06.03.2014 - 06.03.2014 36 °C
These Guys Totally Stole Our Outfits! Awkward.
Pat woke up feeling human, a significant improvement to the last couple days. We popped out to the dining area and had breakfast at the guest house. Pat, growing weary of plain eggs, had muesli and fruit. Kate had eggs, but spent the entire brekky coveting my muesli, even going so far as to steal a spoonful when she thought I wasn't looking. Sneaky Katie.
After some housekeeping and hotel booking we wandered down the road and found a place near the river boasting views of the mountains towering over the river below. Quite spectacular. Except for the smoke obscuring the view. Pat, not willing to risk his suspiciously calm stomach, played it safe with spaghetti, Kate thought she'd play it truly safe and order a local stirfry. Awful awful awful lunch for Kate. Is the person in the kitchen white? Not pork. Chopped, luke warm, but raw bacon chunks. Sickeningly salty and fatty. She still ate it. Why?? She feels quite ill. Pat's spaghetti was actually passable. Stomach still okay.

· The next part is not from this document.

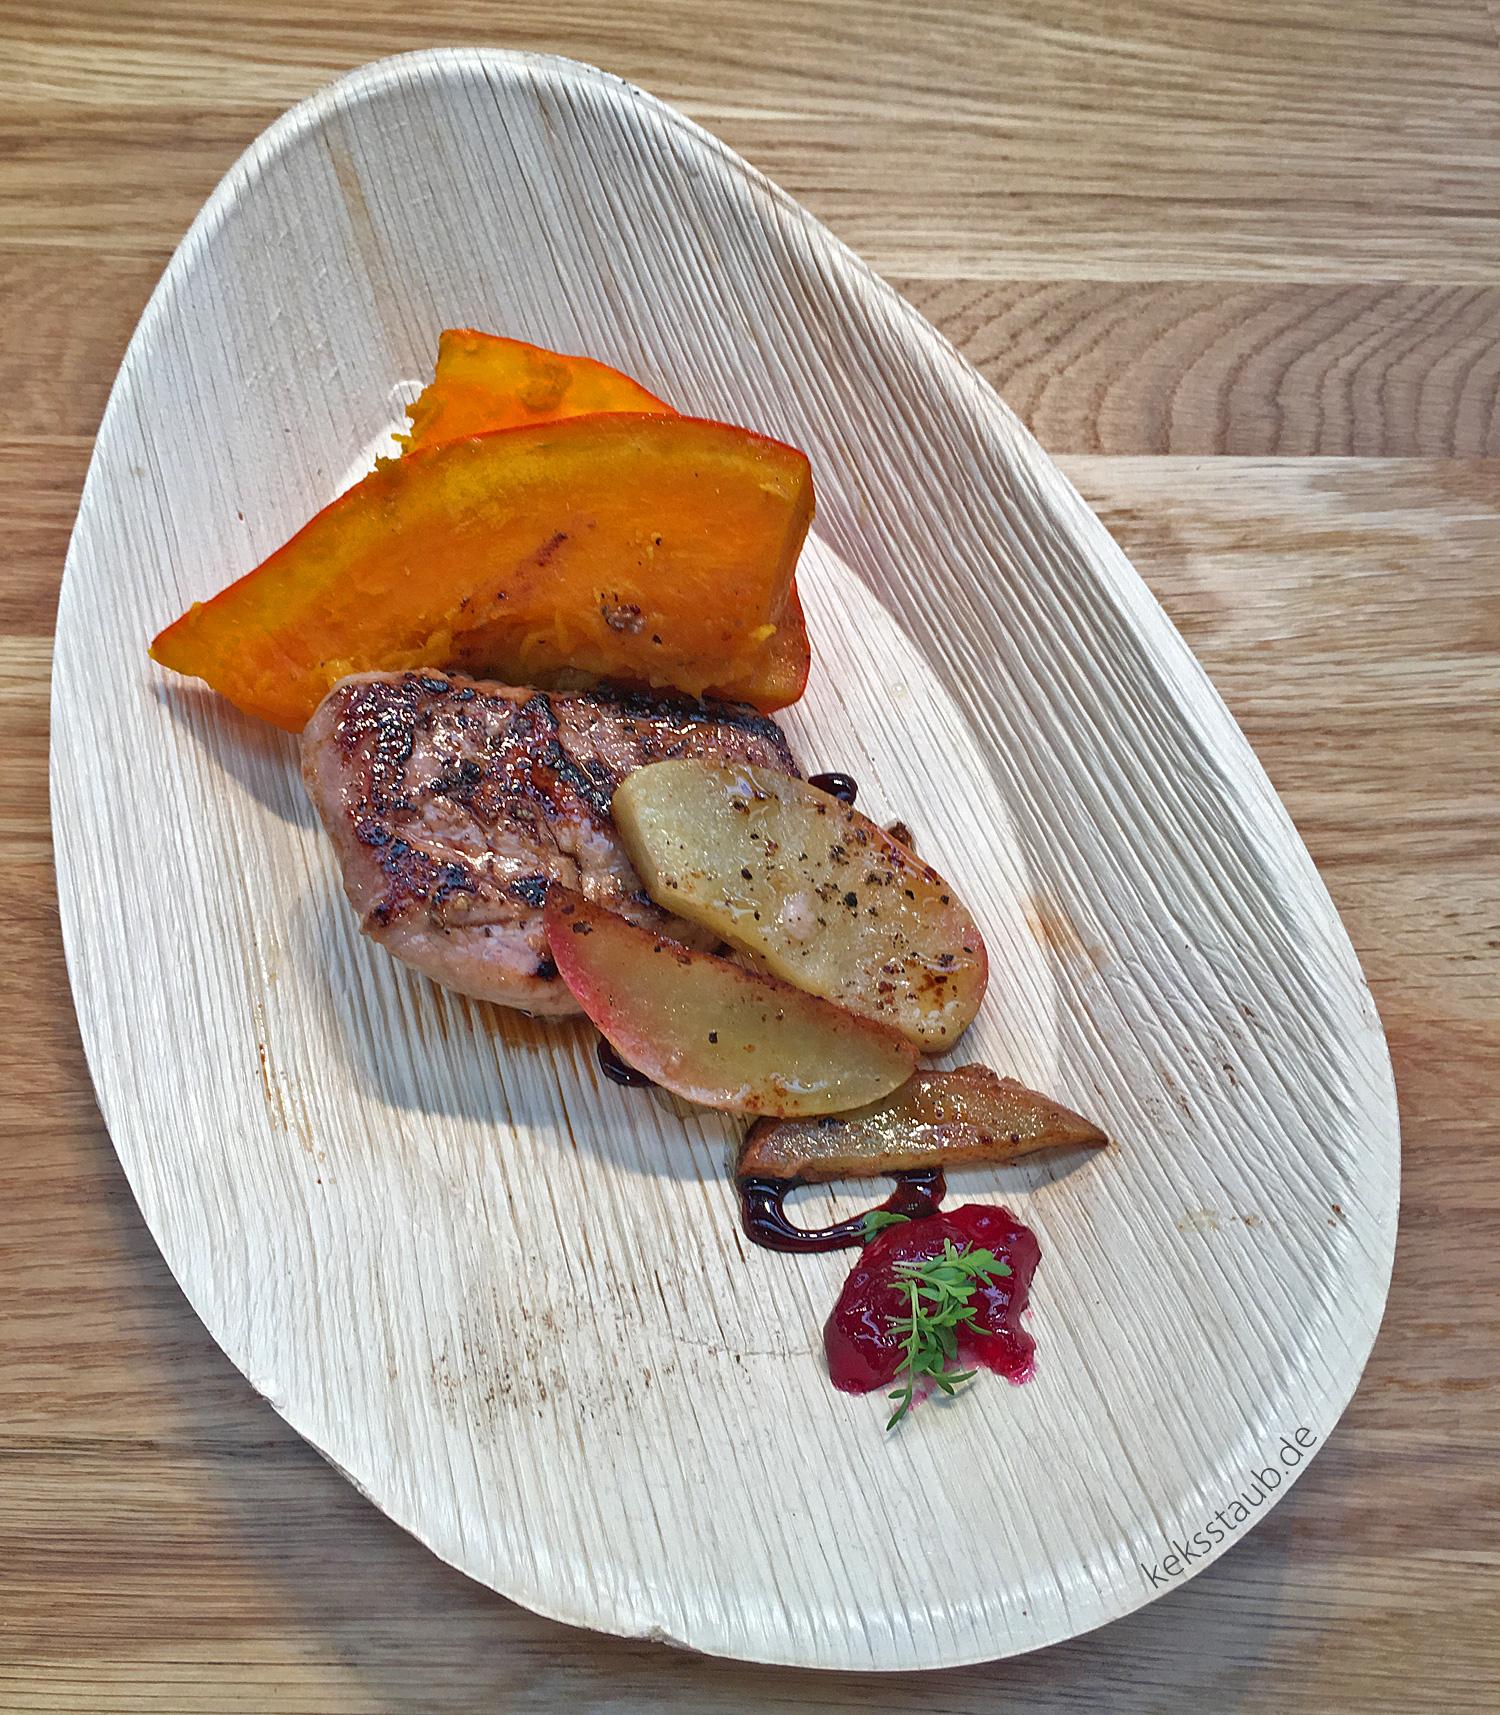 eat-and-style-miele-sous-vide-kochen-schweinefilet-angerichtet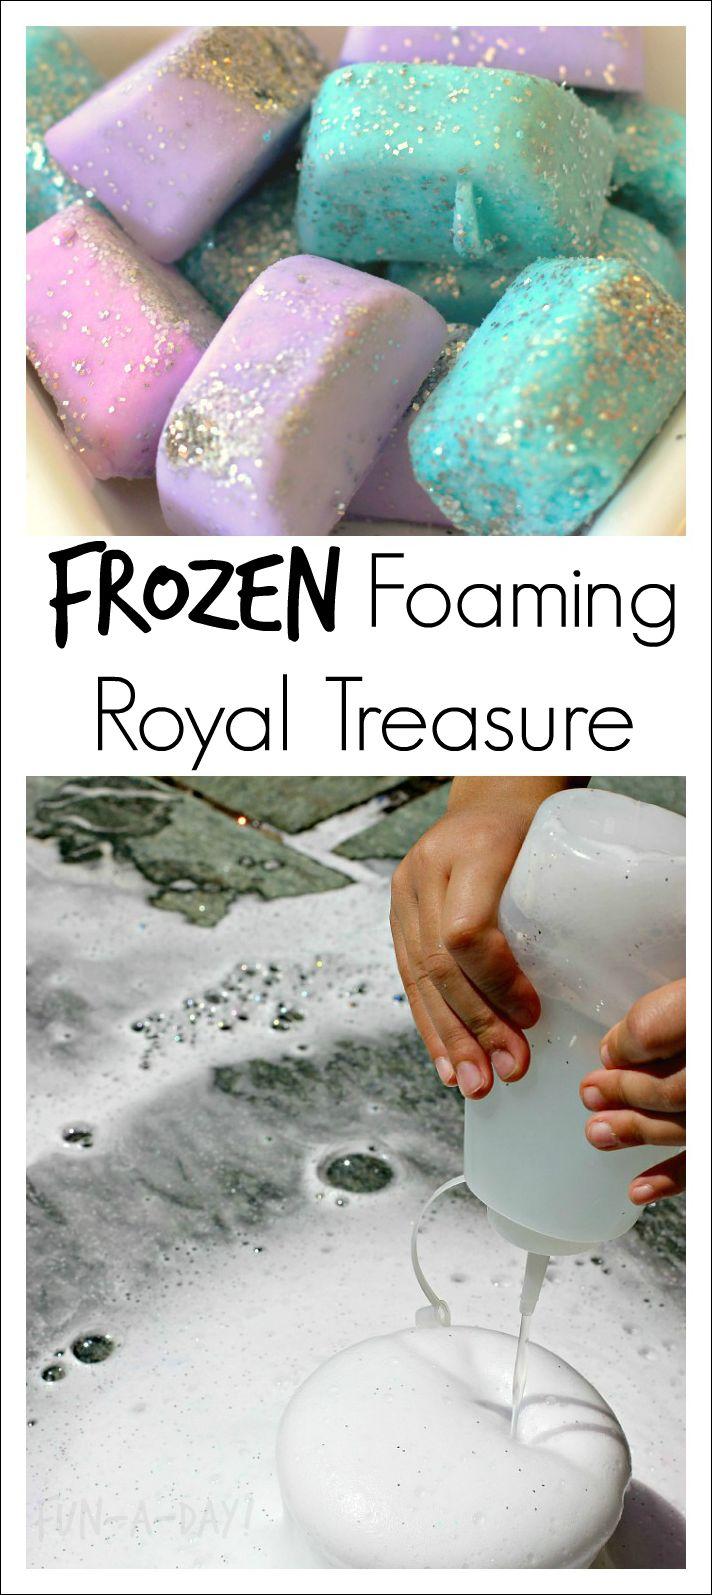 frozen fairy tale science for preschoolers play activities for kids preschool science. Black Bedroom Furniture Sets. Home Design Ideas

Overlooking the River, Terrible Visibility with the Smoke
Vang Vieng is completely unrecognizable from Kate's last visit. It's gone from a sleepy backpacker town where you have a look at the caves or a float down the river then sit in a cafe watching Friends (with the occasional goat wandering in) to a party haven. Bars everywhere, loud blasting music, Thai (?) Woo girls cheering at seemingly everything... The average age looks to be 17? We feel old!
Although the Pollution Did Make For a Pretty Beautiful Sunset
We had a few beers in a few river side bars (or Kate did, Pat didn't trust his stomach) then when the karaoke got to be too much we wandered to a slightly quieter street where there was a carnival going on for the locals (games all still rigged, some things never change) and managed to find a cafe similar to Kate's memories playing South Park. After that DVD ended Pat had them put on Friends. Aw.
The Games Are Rigged In Laos Too
We had a very strange waiter. He clearly understood some English, but answered all of our statements with "what?". The first couple times we just repeated ourselves, only for him to respond "what?", and smile and laugh at us. Eventually we caught on to his little ruse and started answering him back with "what?". Over the course of a few drinks and nibbles, it degenerated into exchanges that were as follows:
Strange. Called it a night and went home.